Abstract: Factorizations of permutations within the symmetric group have a rich history, connecting diverse areas such as symmetric functions, graph embeddings on surfaces, representation theory via characters and Jucys–Murphy elements, and the Hurwitz problem in algebraic geometry. In this talk, we will explore some of the striking enumerative results related to factorizations of the long cycle and their connections to these fields. Additionally, we extend these studies to analogous problems in the type A Hecke algebra, uncovering elegant q-analogues that generalize results from the symmetric group by leveraging the Jucys–Murphy elements of the Hecke algebra.
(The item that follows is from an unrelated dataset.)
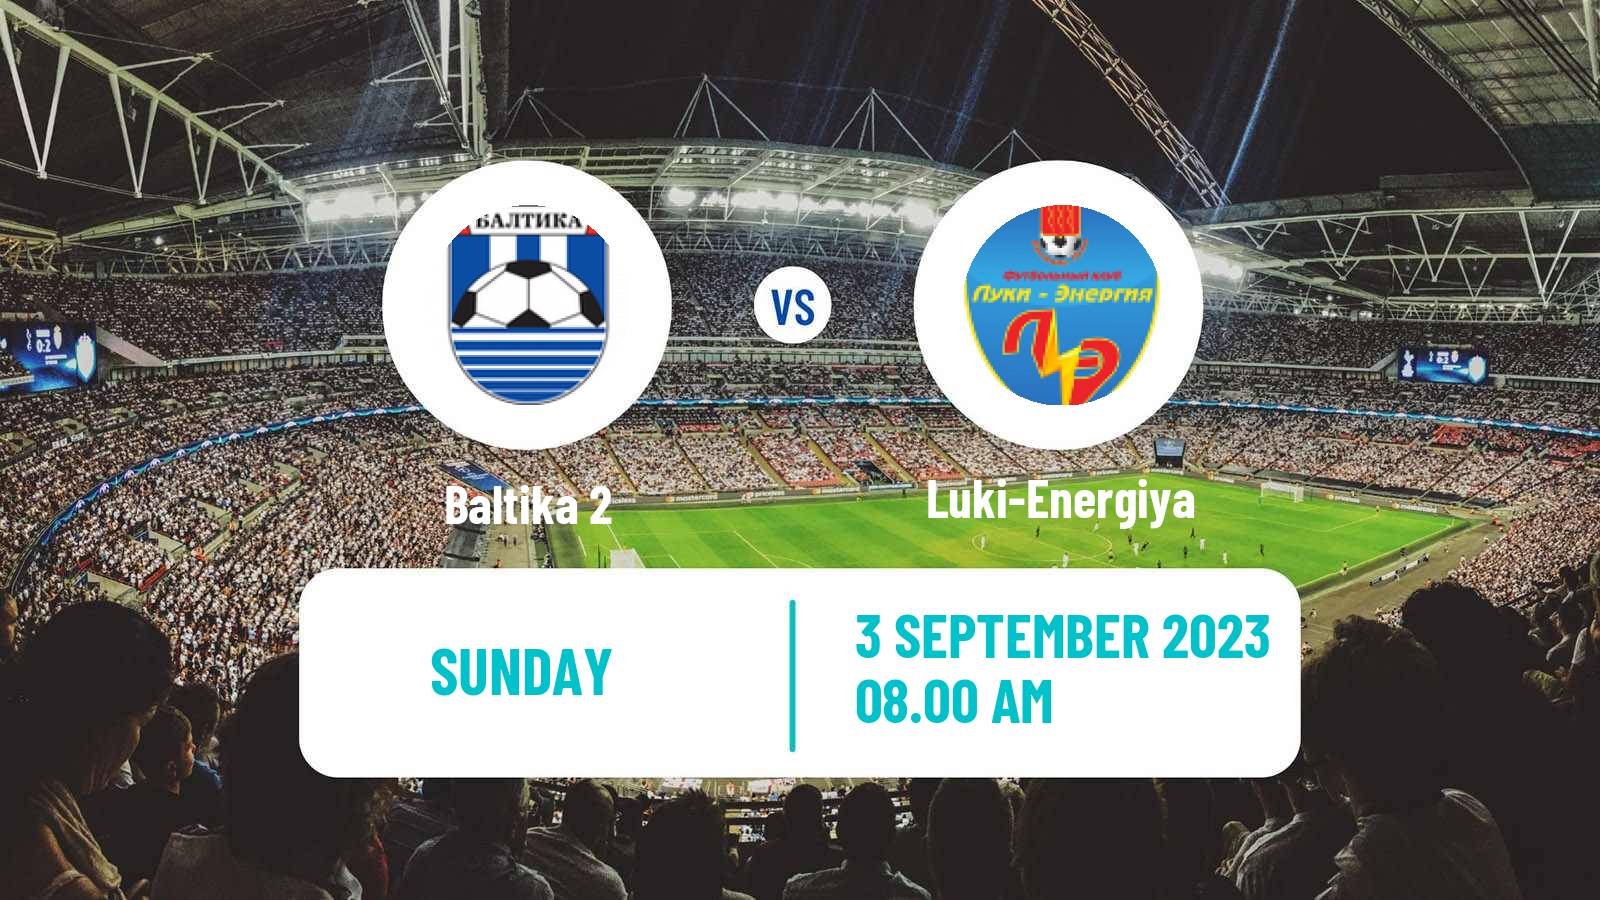 Soccer FNL 2 Division B Group 2 Baltika 2 - Luki-Energiya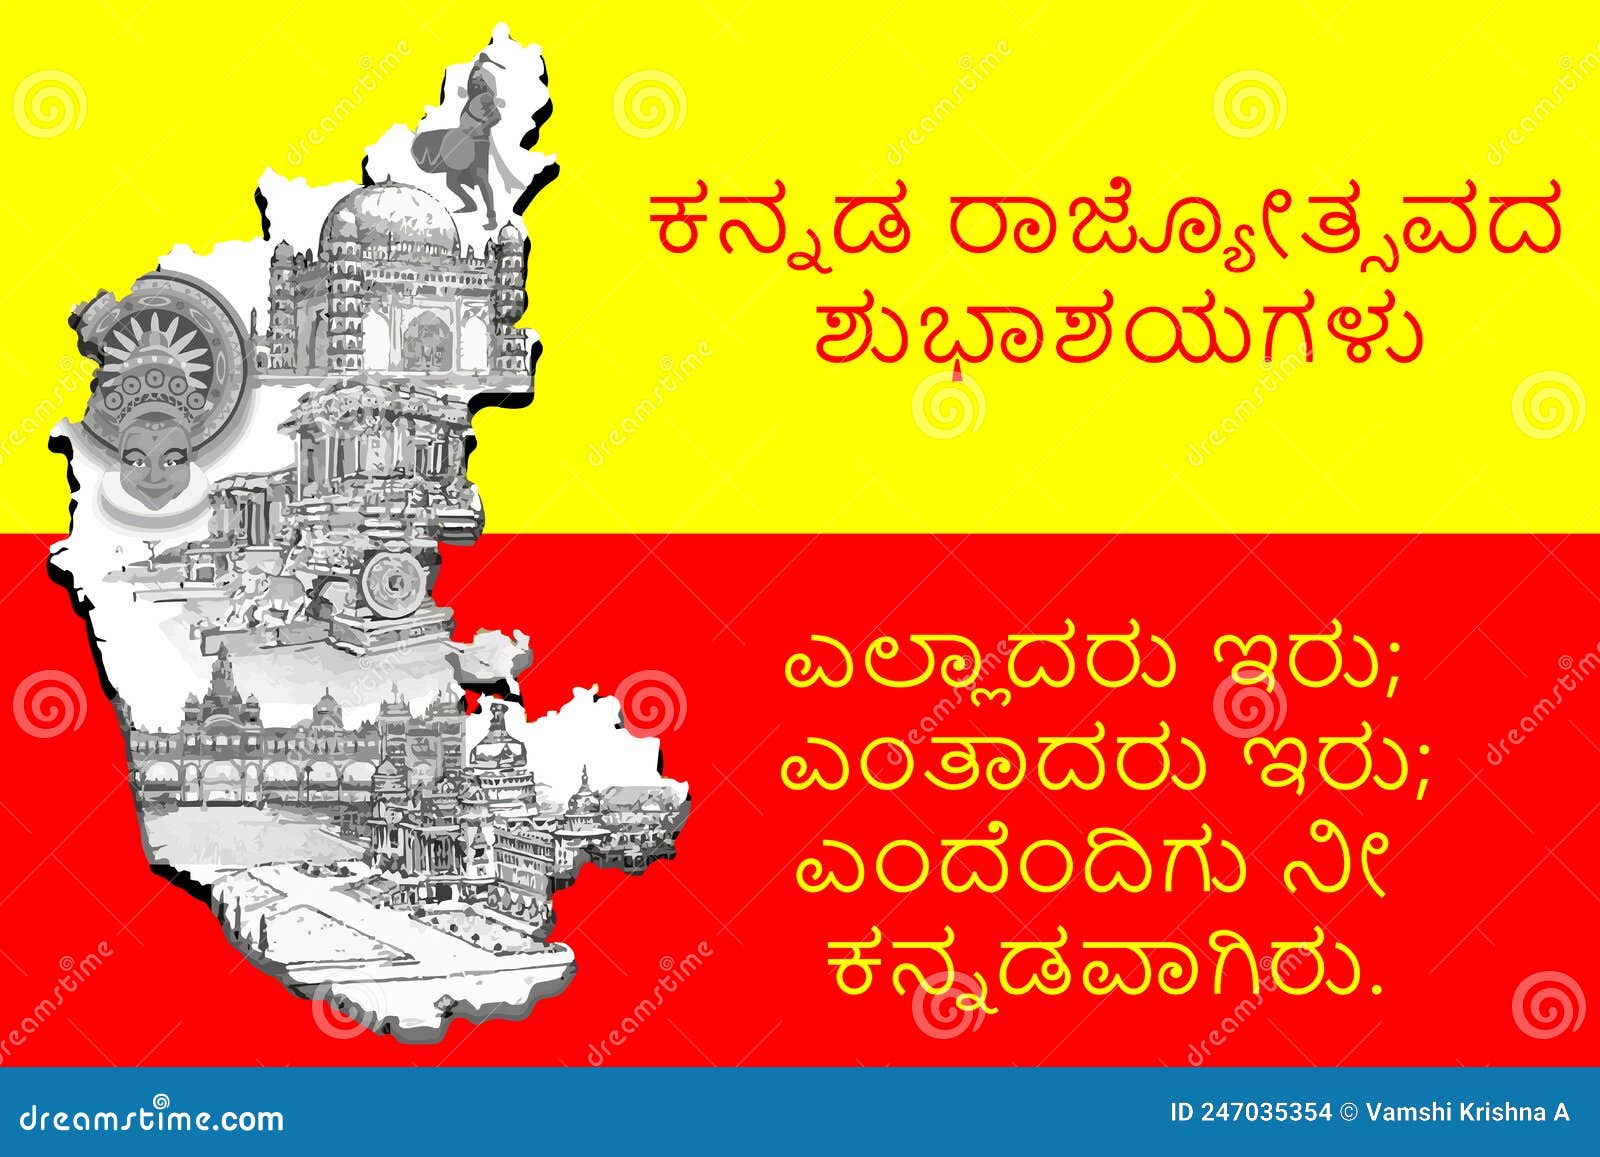 27 Kannada rajyotsava ideas in 2023  kannada rajyotsava quotes happy kannada  rajyotsava images karnataka rajyotsava background

This talk is based on joint work with José Bastidas, Sarah Brauner, Mathieu Guay-Paquet, GaYee Park, and Franco Saliola.

Fri 16:00–16:20 Bek Chase (Purdue)

Title: Almost complete intersections and the strong Lefschetz property

Abstract: An Artinian standard graded algebra has the weak Lefschetz property if the map induced by multiplication by a general linear form has maximal rank (i.e., is injective or surjective) in each degree, and has the strong Lefschetz property if the map induced by multiplication by every power of a general linear form has maximal rank in each degree. In this talk, we will investigate the strong Lefschetz property for almost complete intersections, providing a complete classification for a class of codimension three monomial almost complete intersections. Furthermore, we prove the strong Lefschetz property for certain arbitrary monomial almost complete intersections. This is joint work with Filip Jonsson Kling.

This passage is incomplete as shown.